Importantly, uPAR-directed CAR T cells could attack tumours from multiple angles, Dr. Sadelain says.
“We’re not just targeting uPAR on the surface of tumour cells, but also the uPAR-expressing fibroblasts and myeloid cells in a tumour’s supporting ‘niche,” he says.
“That is something unique.”
The research is illustrative of efforts supported by the Marie-Josée and Henry R. Kravis Cancer Ecosystems Project, for which Dr. Lowe serves as scientific director.
This initiative is focused on understanding cancer not simply as a genetic disease, but as an interconnected ecosystem of cells, tissues, and signalling networks.
By framing cancer in this way, the programme aims to enable the development of next-generation therapies — such as uPAR CAR T cells — that target not only tumour cells, but also the surrounding niche that supports their growth and progression.
“It’s increasingly clear that the progression of a malignant tumour isn’t just about transformations happening within cells, but about coordinated interactions between cells and nearby tissues to develop tumour-supportive ecosystems,” Dr.

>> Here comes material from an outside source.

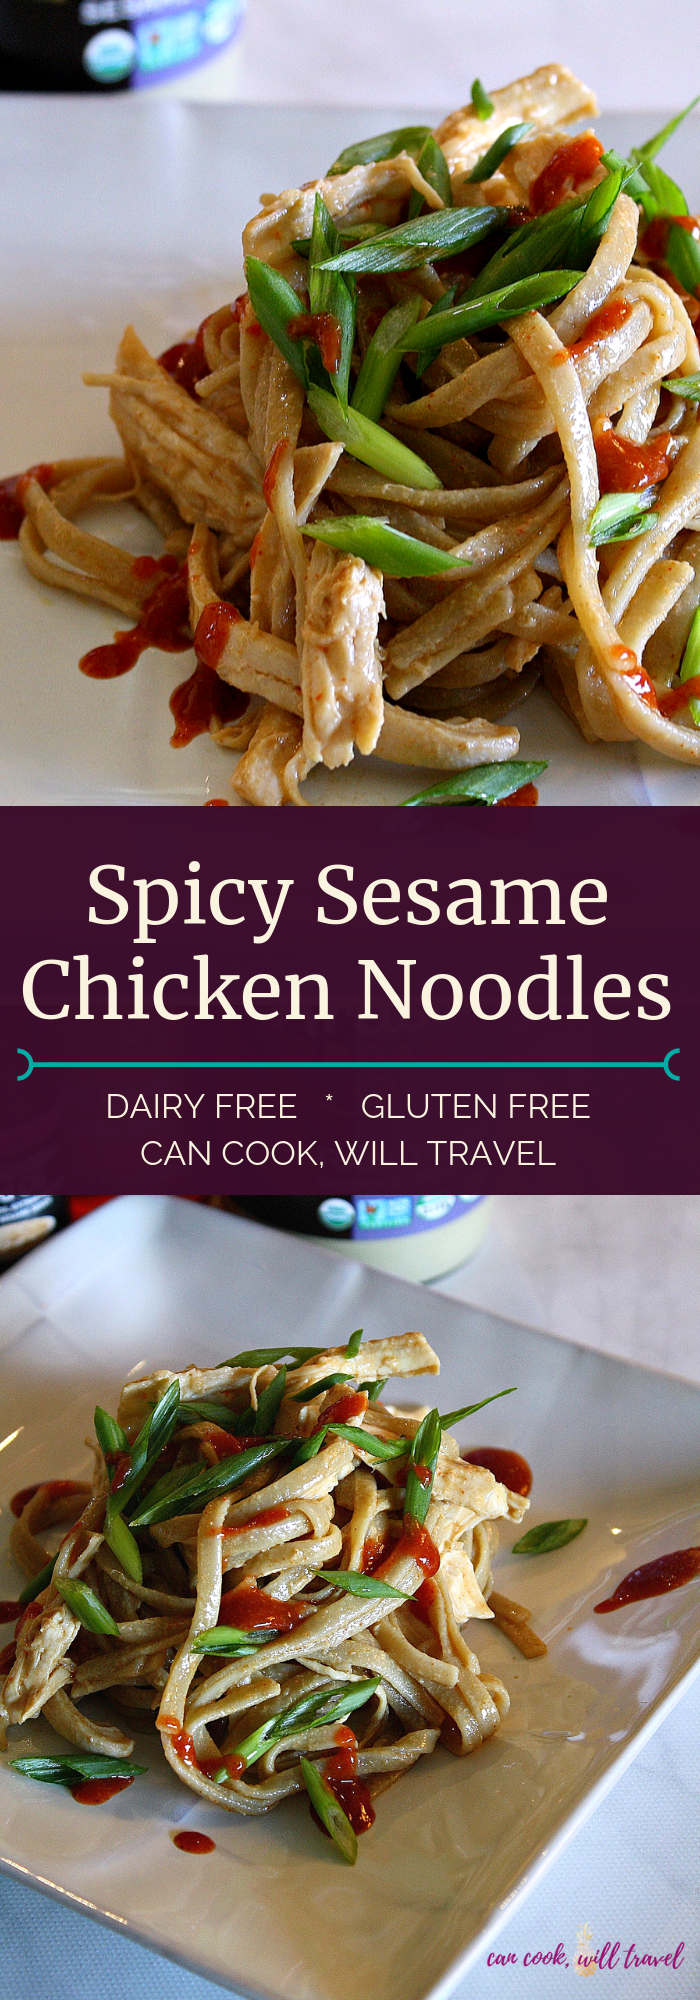 Spicy Sesame Chicken Noodles_Collage1

Lowe says.
The researchers believe targeting uPAR also holds promise for diseases beyond cancer.
“The same types of cells and tissues that we find around tumours are important in other fibrotic, degenerative, and inflammatory disorders,” Dr. Lowe says.
Beyond CAR T cells, uPAR might also be targeted with antibody drug conjugates, antibody-delivered radiation, and CAR-based natural killer cell treatments, the study authors note.
The researchers also showed two potential ways to monitor uPAR-high disease without a biopsy: measuring suPAR (a soluble fragment of uPAR) in blood, and using uPAR-targeted PET scans to spot tumours and metastases and track the cancer’s response to treatment over time.